NEW YORK — The jetliner is much more than a machine used to get from one spot to another. It often carries deep symbolism, especially when flying for a national airline.
It can represent hope, modernity and a country’s power. And when things go wrong, that once mighty plane can bring about deep national disgrace.
Malaysia now finds itself grappling with the horrific — and extremely unusual — loss of two of its airplanes, just four months apart. It’s a sad coincidence that also stings.
“It is unbelievable misfortune that struck (Malaysia Airlines) in such a short span of time. It will not affect Malaysia’s name, but it will damage the airline’s reputation,” said James Chin, political analyst at Monash University in Malaysia. He said it would be tough for the already-struggling airline to survive the twin catastrophes.
The shooting down of Malaysia Airlines Flight 17 on Thursday over Ukraine comes just 131 days after the disappearance of Flight 370. That Boeing 777 is presumed to be on the floor of the Indian Ocean but, without any scrap of wreckage found, it remains the key to one of the biggest aviation mysteries.
Fair or not, the back-to-back incidents have led travelers to question the safety of flying Malaysia Airlines. Malaysian officials were widely criticized for how they handled the search for Flight 370.
“Airlines symbolize the nation and are ambassadors,” says Chris Sloan, who runs the aviation history and news website Airchive.com. “Airlines tend to reflect the values of their countries.”
Even before this year’s two disasters, Malaysia Airlines had deep financial troubles, losing $370 million last year. That 6.2 percent net loss was among the worst in the global industry, according to industry newsletter Airline Weekly. Most of the world’s other airlines had a great year, posting an average profit of 4.7 percent.
“When an airline has the kind of issues that Malaysia has, it becomes a national shame,” Sloan added.
Americans have come to despise their own airlines, annoyed by invasive airport security, packed overhead bins and a lack of legroom. But in other parts of the world, the public takes great pride in national carriers.
“They like to go to the airport and see these great, glistening modern jet airplanes with the flag of their country on it,” says Robert Gandt, who spent 34 years as an airline pilot and has written 15 books including “Skygods,” an account of the demise of Pan Am.

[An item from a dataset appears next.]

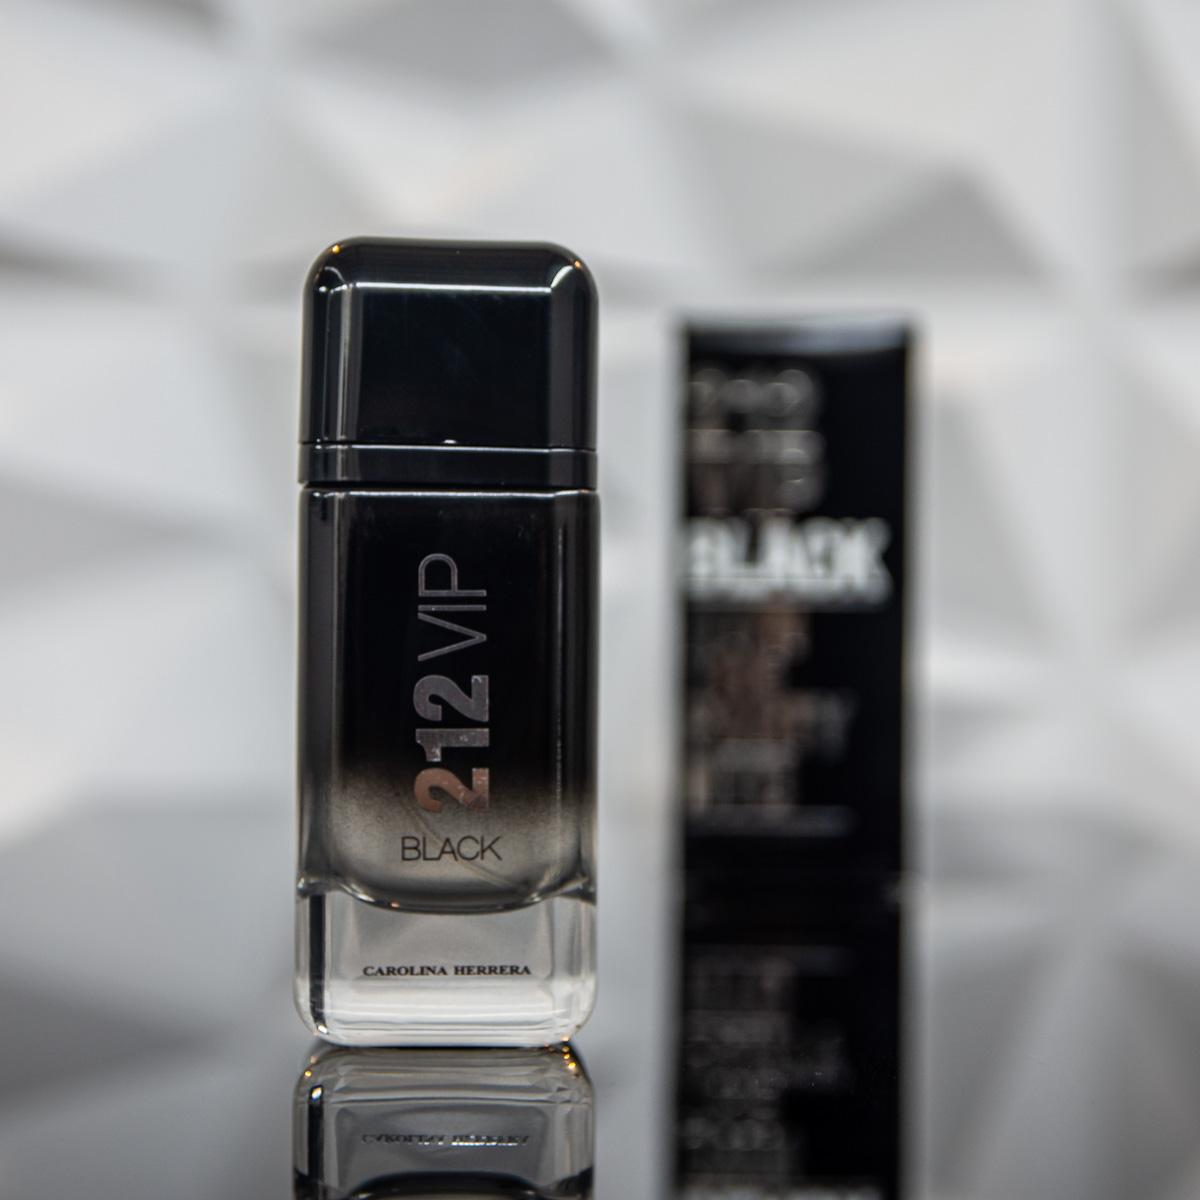 Perfume Carolina Herrera 212 VIP Black Para Hombre (Replica Con Fragancia Importada)

The giant pre-war route maps of European national carriers like KLM Royal Dutch Airlines and Air France were proclamations of those countries’ colonial might. The airlines often carried domineering names, like Imperial Airways, a precursor to British Airways.
“What better description is there for its purpose? It was to help keep the empire united,” says F. Robert van der Linden, chair and curator of air transportation at the Smithsonian Institution’s National Air and Space Museum.
In the 1970s, long after their empires fell, Great Britain and France teamed up to create the world’s fastest passenger jet. The supersonic Concorde wasn’t always profitable but that didn’t matter — the jet showed that the two nations were still players on the world stage.
That theme can extend to whole airlines. Italian carrier Alitalia shouldn’t even exist any longer, given its abysmal financial performance, says airline consultant George Hamlin. But the government has repeatedly bailed it out.
“That has to do with national pride, more than anything else,” Hamlin says.
That deep connection between people and their national carrier also works against an airline when somebody wishes to harm their country. For decades, the carrier El Al has been a target of anti-Israel attacks.
The United States never had a national passenger airline, but Pan Am was long considered its unofficial carrier. The airline was viewed as an extension of the U.S. government, van der Linden says, so in countries without an American embassy or consulate, people in trouble would go to the Pan Am ticket office.
That relationship is why Libyans targeted the airline in a bombing over the Scottish town of Lockerbie in 1988. Many of those killed were American college students flying home for Christmas.
The 9/11 terrorists hijacked American Airlines and United Airlines planes, in part, because of their representation of the country as a whole.
“They didn’t choose an airline that didn’t have some hint of the United States of America in its name,” van der Linden says.
It doesn’t always take a crash to stir a nation’s emotions.
Last year’s mechanical problems with the Boeing 787 Dreamliner brought embarrassment to Japan, which was proud to have engineered the plane’s electrical systems and to be the first to fly the jet.
Planes are seen as critical lifelines after a hurricane or earthquake, bringing in humanitarian workers, food, water and medical supplies. But it’s those same civilian aircraft that are used to carry troops to and from battle zones.
Planes used by heads of state — such as Air Force One or a jet borrowed from the national airline — also serve as tools of diplomacy and propaganda. Giant red carpet arrivals, with military bands playing, are meant to show off a country’s power.
“They are the ultimate stage props,” says Henry Harteveldt, a travel industry analyst with Atmosphere Research Group.
Ultimately, as a traveler, there’s something familiar and comforting about flying your country’s own airline, says Janet Bednarek, an aviation history professor at the University of Dayton. The flight attendants speak your language and serve your food.
“It’s that little piece of home,” she says, “that you take with you when you fly abroad.”